A member of Israel’s Innovation: Africa team installs clean water for a refugee village in Central Africa earlier this year. .
(photo credit: INNOVATION:AFRICA)
The poverty in Africa is astonishing.
But even more astonishing is the world’s apathy and lack of strategic planning to help.
Last year the United Nations raised $13 billion for humanitarian aid, and this year it intends to raise more. UN Under Secretary- General for Humanitarian Affairs and Emergency Relief Coordinator Mark Lowcock explains that the priorities must be the emergency situation in Yemen, where eight million people are on the brink of famine; and the people in Syria and the refugees from Syria. Lowcock estimates that $2.5b. is needed to save the people in Yemen, $3.5b. for the people in Syria, and $4b. to help the county’s five million refugees. That’s $10b. to deal with the most immediate and devastating crisis situations. That leaves $3b. available for humanitarian aid if the UN simply raises the same amount it raised last year.
Do you know how much it would cost to provide every African with access to clean water – not for one year but forever? Three billion dollars.
I witnessed the dire situation first-hand last week as I traveled through the remote villages of Uganda. I learned that using the model of Innovation Africa – where I serve as executive vice president for Government and Community Affairs – a water project providing clean water to 5,000 people costs $50,000. To reach 300 million people in Africa who do not have clean water, we would need 60,000 such projects, totaling $3b.
I remember well as a child of the 1980s when the top singers came together and sang: “We are the world. We are the children. We are the ones who make a brighter day, so let’s start giving.”
The “We Are the World” effort raised $63 million for Africa, equivalent to $150m. today. Live Aid in England also raised tens of millions of dollars. Yet despite these efforts, more than 600 million Africans presently live without electricity, and more than 300 million people live with no access to clean water.

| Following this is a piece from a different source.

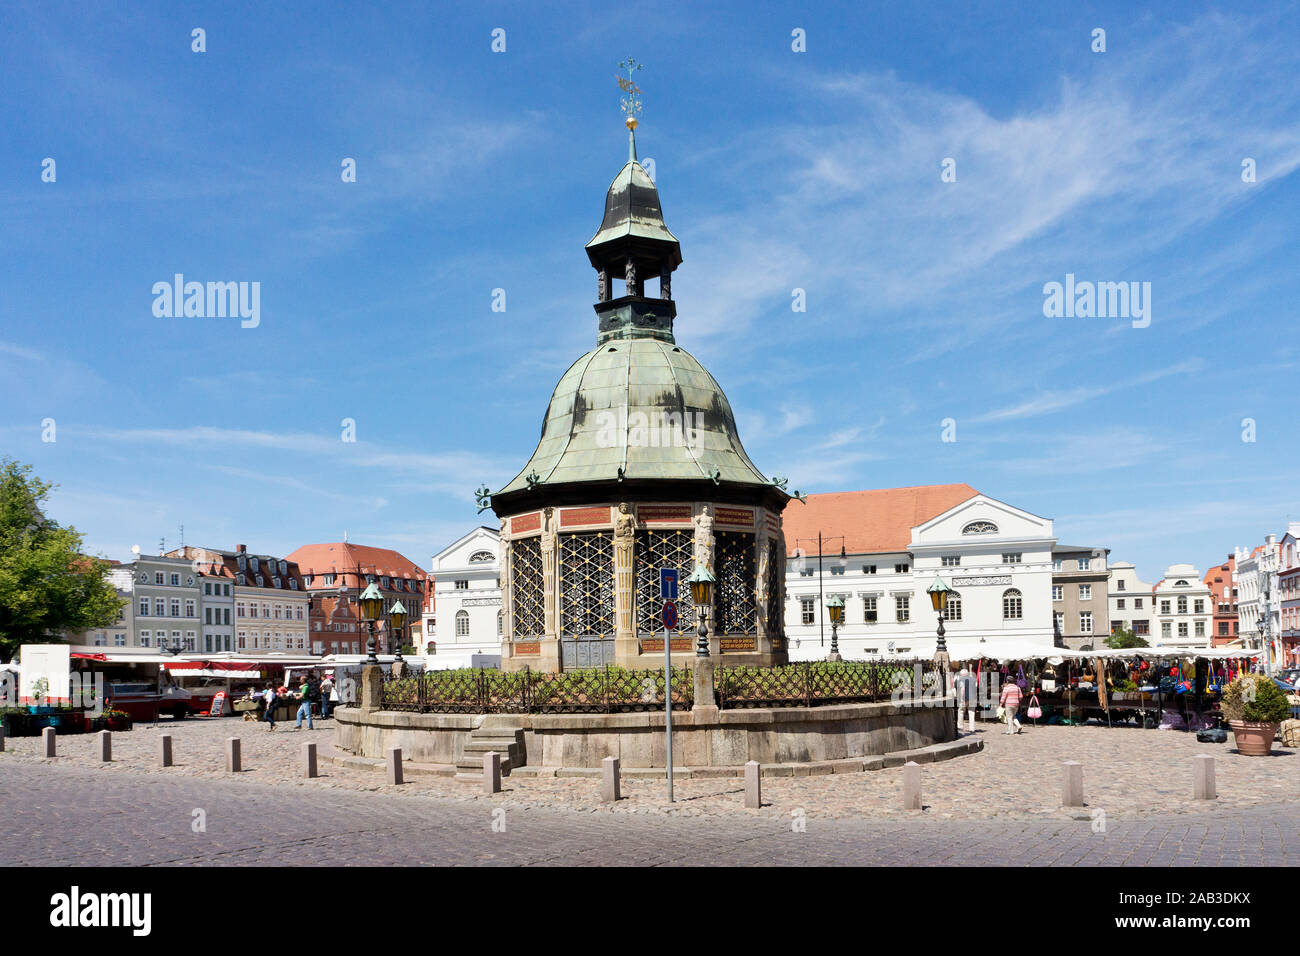 Marktplatz der Hansestadt Wismar mit dem Pavillon Wasserkunst |Market Square Wismar with the pavilion fountain| Stock Photo

Most of the funds from the aforementioned projects were spent on birth control and food production. Of course, when there is starvation then emergency aid and food must be distributed first. But what did the world think would happen after it supplied the food? The world clearly forgot the ancient Chinese aphorism: “Give a man a fish and you feed him for a day; show him how to catch fish and you feed him for a lifetime.”
Had efforts in the 1980s focused on providing African villages with access to clean water, the villagers today could have built an economy based on a wide variety of businesses using this supply, including farming and growing their own crops. Once they would have established some form of economy and income, the issue of lack of electricity could have been overcome.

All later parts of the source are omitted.